De Raad laat opmerken dat als gevolg van de stijging van de levensduur van de Belgische bevolking de werknemers meer en meer geconfronteerd worden met het overlijden van hun overgrootouders of hun achterkleinkinderen.

De Raad is van oordeel dat ook in die hypothese klein verlet aan de werknemers moet worden toegekend en vindt dan ook dat voornoemde reglementering aan dit fenomeen moet worden aangepast.

Derhalve acht de Raad het geboden om in het koninklijk besluit van 1963 het overlijden van overgrootouders en achterkleinkinderen op te nemen in de opsomming van de gebeurtenissen, die voor klein verlet in aanmerking komen. Hij stelt voor dat dit klein verlet wordt toegekend onder dezelfde voorwaarden en modaliteiten als deze die bij het overlijden van grootouders en kleinkinderen van toepassing zijn.

Dit betekent concreet : - in geval van overlijden van overgrootouders of achterkleinkinderen, die bij de werknemer inwonen : twee dagen door de werknemer te kiezen in de periode die begint met de dag van het overlijden en eindigt met de dag van de begrafenis; - in geval van overlijden van overgrootouders of achterkleinkinderen, die niet bij de werknemer inwonen : de dag van de begrafenis; - de overgrootouders van de echtgeno(o)t(e) van de werknemer worden met de overgrootouders van de werknemer gelijkgesteld; - de deeltijdse werknemers hebben het recht van het werk afwezig te zijn gedurende de voornoemde dagen, die samenvallen met de dagen waarop zij normaal gewerkt zouden hebben; zij mogen de afwezigheidsdagen kiezen in dezelfde beperkingen als hiervoor bedoeld.

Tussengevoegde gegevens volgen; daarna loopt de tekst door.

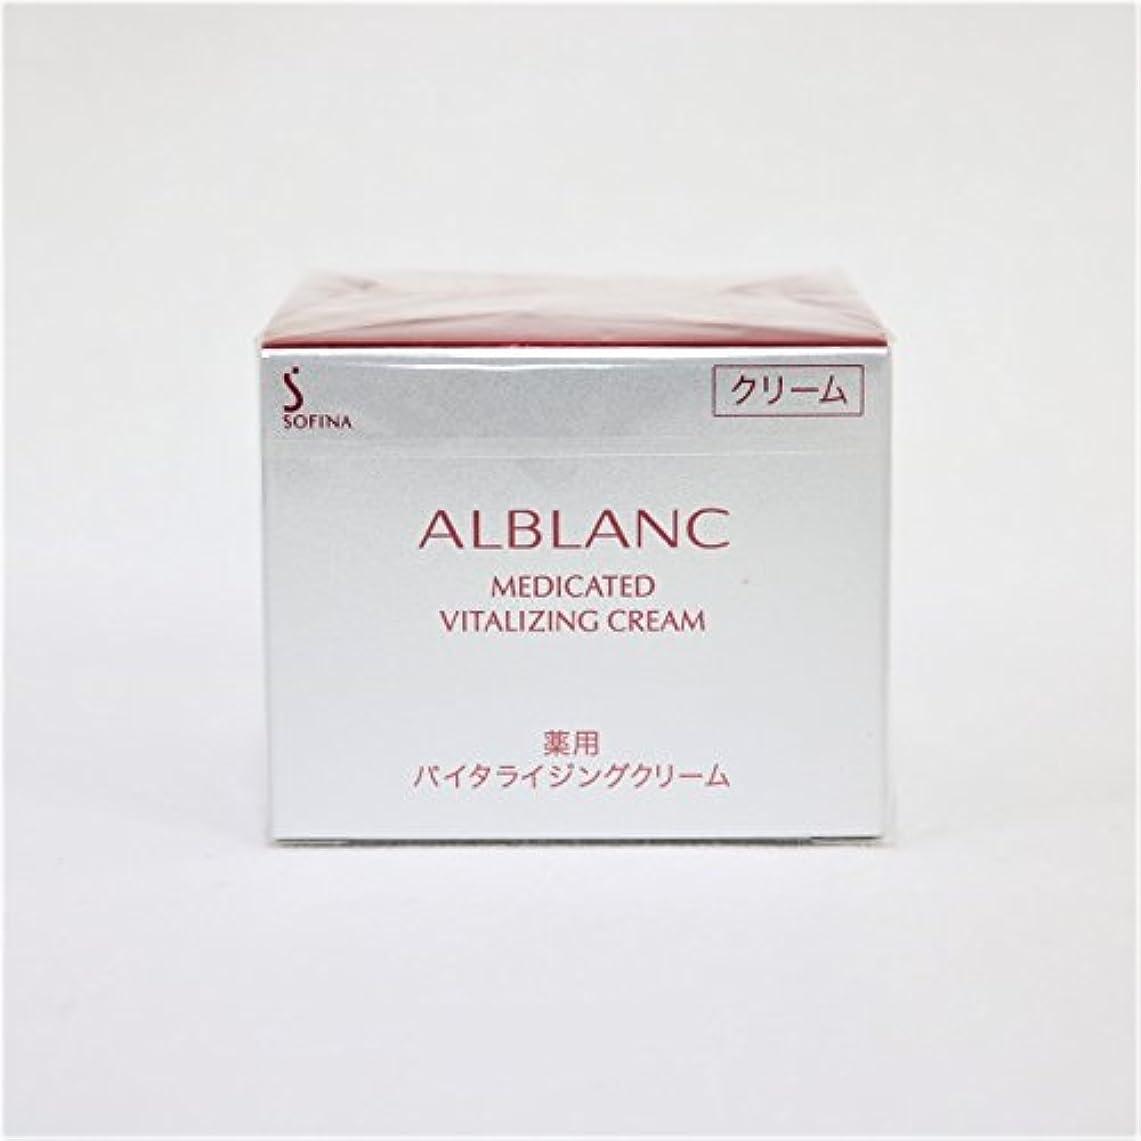 行政勇気のあるポテトソフィーナ アルブラン 薬用バイタライジングクリーム 40g

In afwachting dat aan voornoemd advies gevolg wordt gegeven, heeft de Raad een collectieve arbeidsovereenkomst gesloten, die tot doel heeft bij het overlijden van overgrootouders en achterkleinkinderen klein verlet toe te kennen onder dezelfde voorwaarden en modaliteiten als deze die hiervoor worden voorgesteld. Die cao zal ophouden uitwerking te hebben op de dag dat de voorgestelde aanpassing van het koninklijk besluit van 1963 in werking zal treden.